DATA SEGMENT:
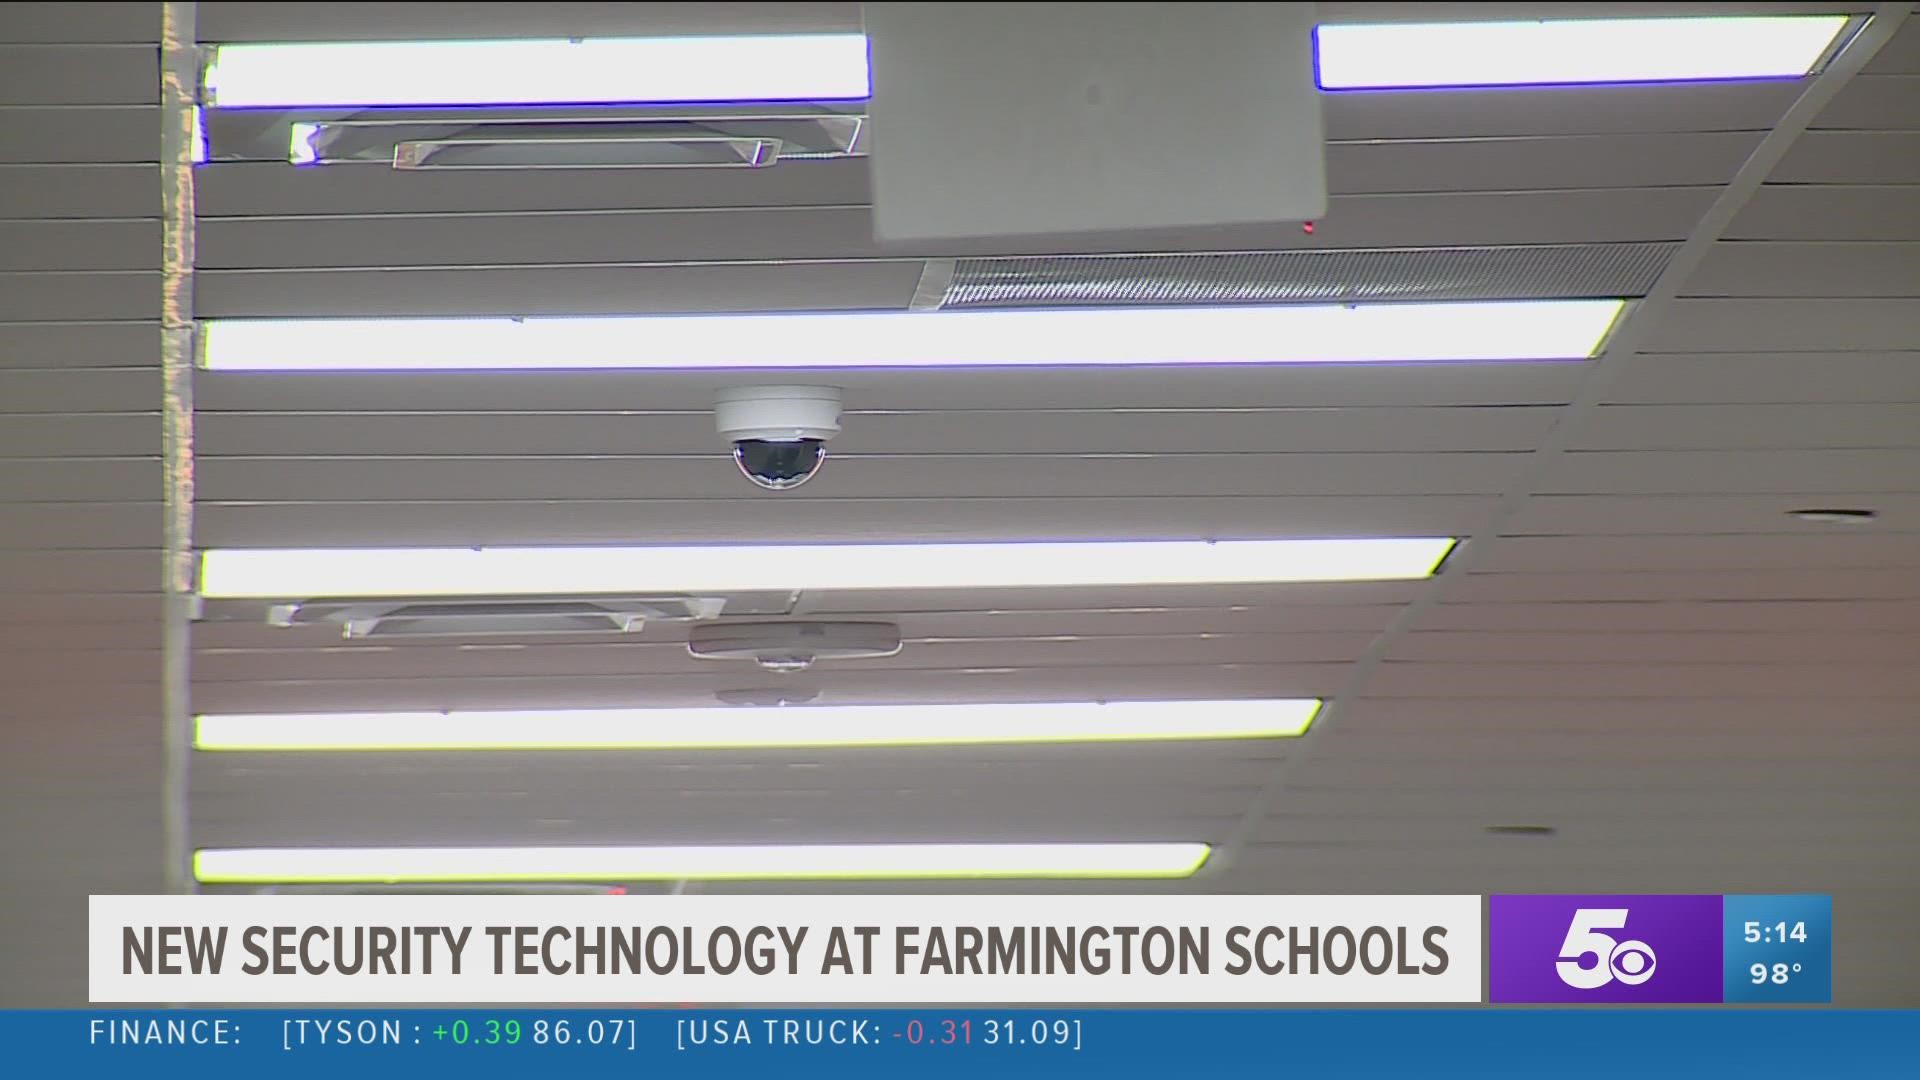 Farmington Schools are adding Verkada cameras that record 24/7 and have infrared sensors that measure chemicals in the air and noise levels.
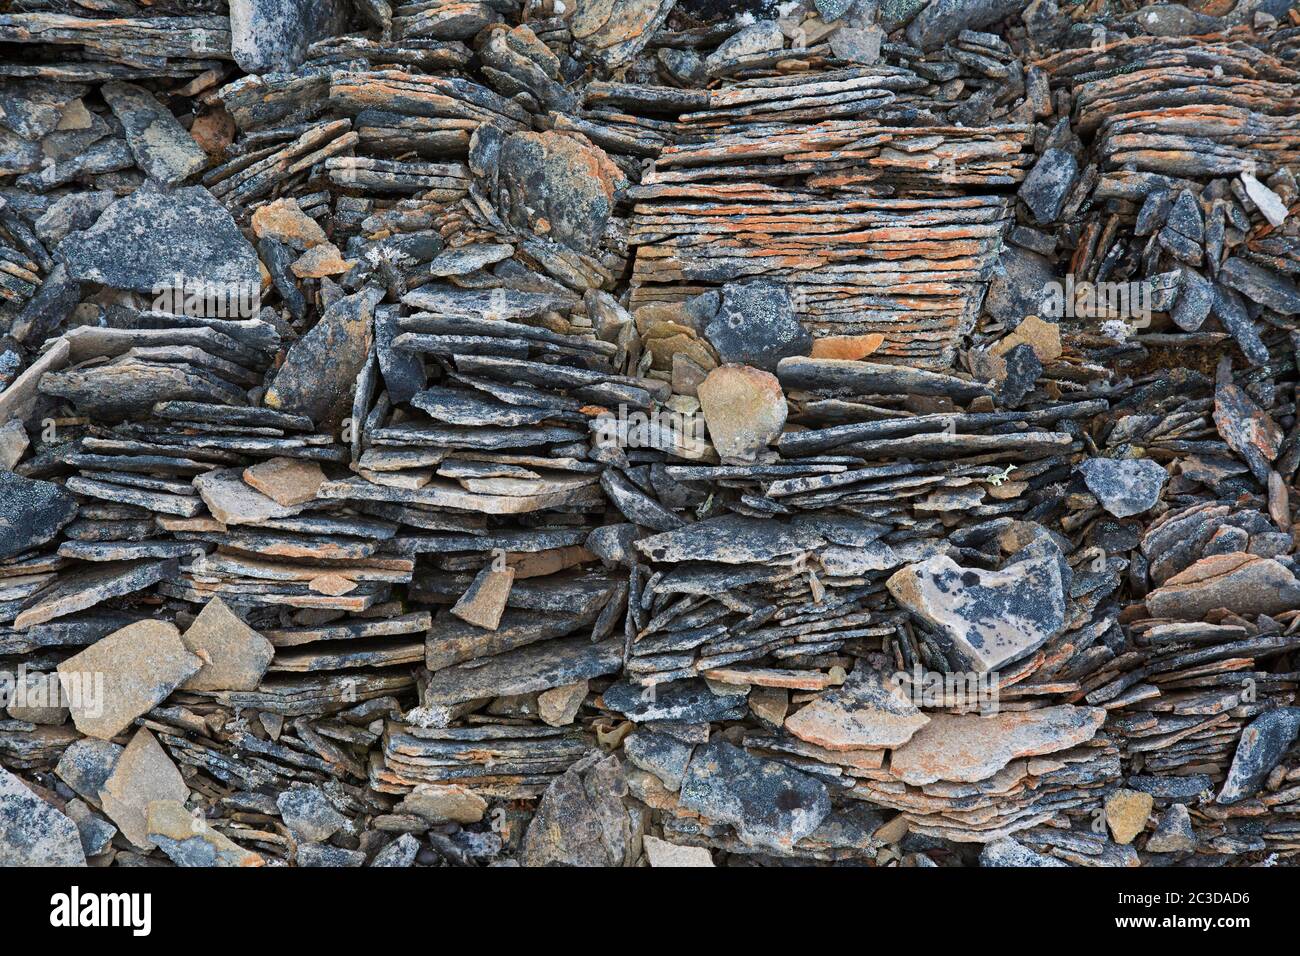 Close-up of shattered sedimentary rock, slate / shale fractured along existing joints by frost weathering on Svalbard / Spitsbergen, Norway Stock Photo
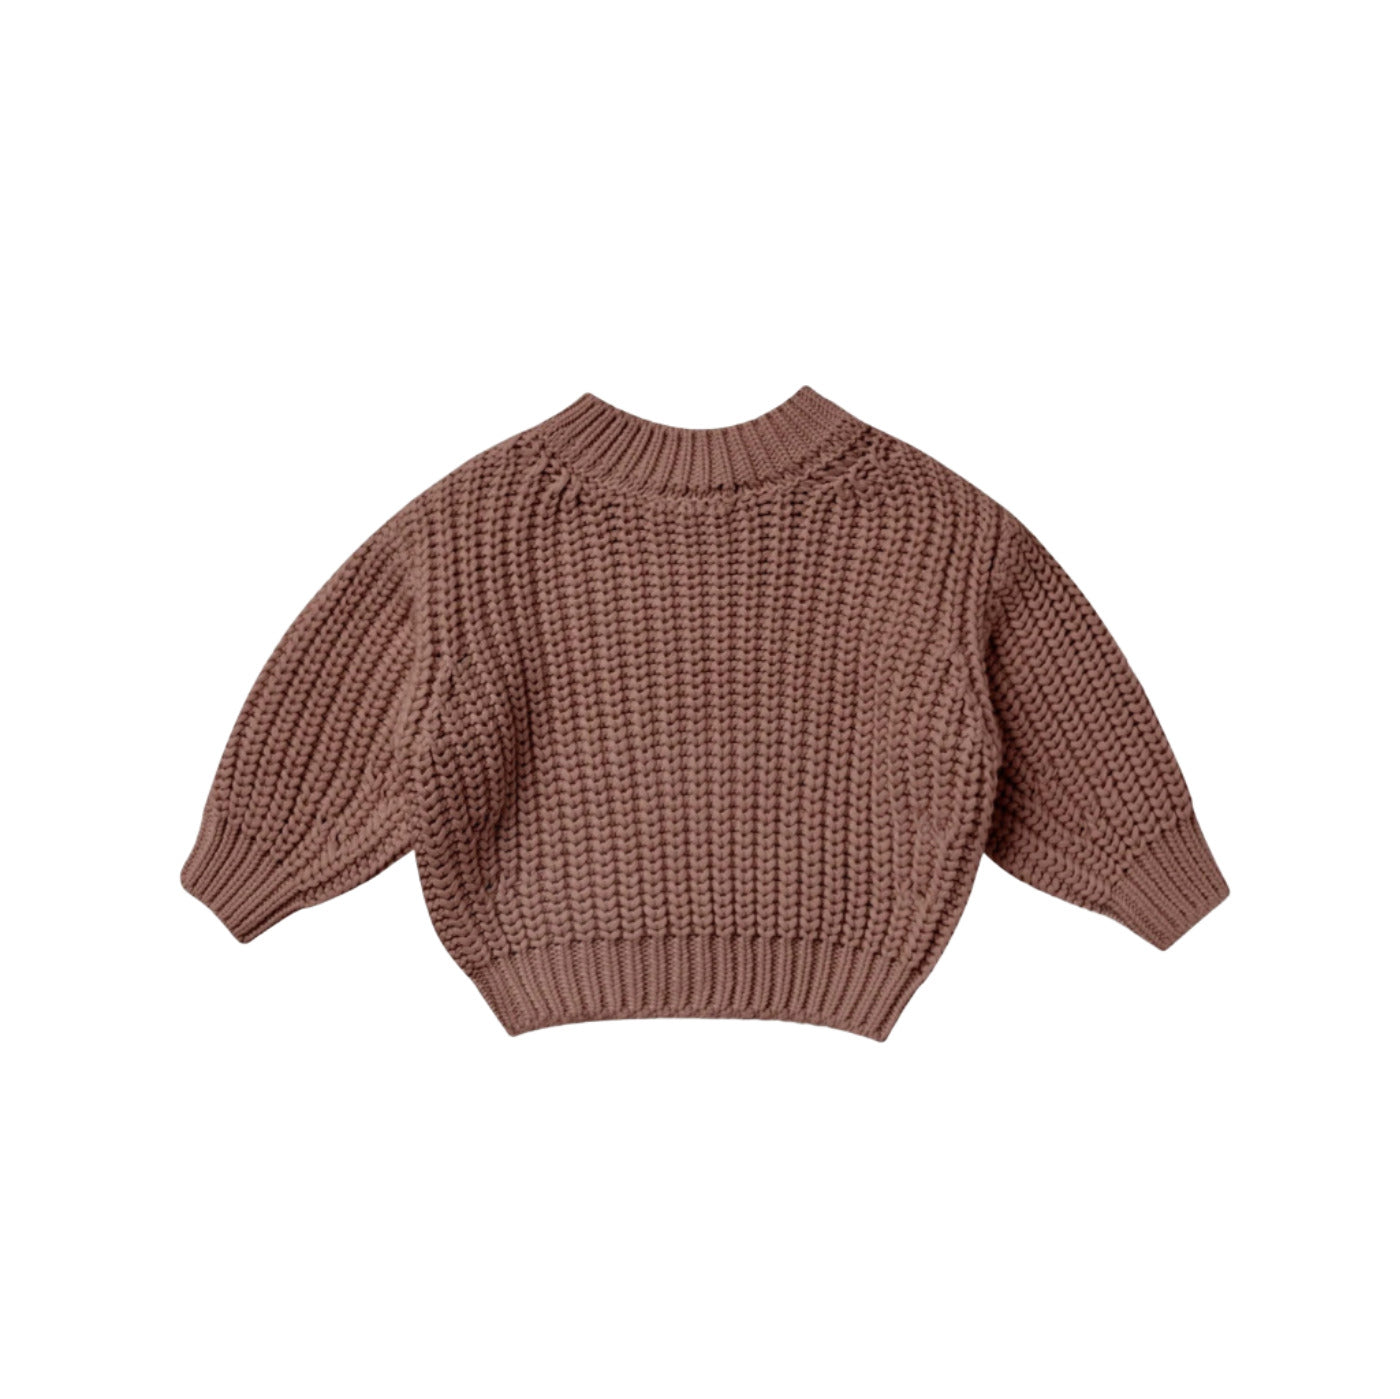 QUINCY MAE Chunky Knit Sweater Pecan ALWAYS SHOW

INSTRUCTIONS FOR THE TASK: Print out the whole listing word for word. Leave the pictures out.

WRITTEN REPLY:
 Farmington Schools are adding Verkada cameras that record 24/7 and have infrared sensors that measure chemicals in the air and noise levels.
 Close-up of shattered sedimentary rock, slate / shale fractured along existing joints by frost weathering on Svalbard / Spitsbergen, Norway Stock Photo
 QUINCY MAE Chunky Knit Sweater Pecan ALWAYS SHOW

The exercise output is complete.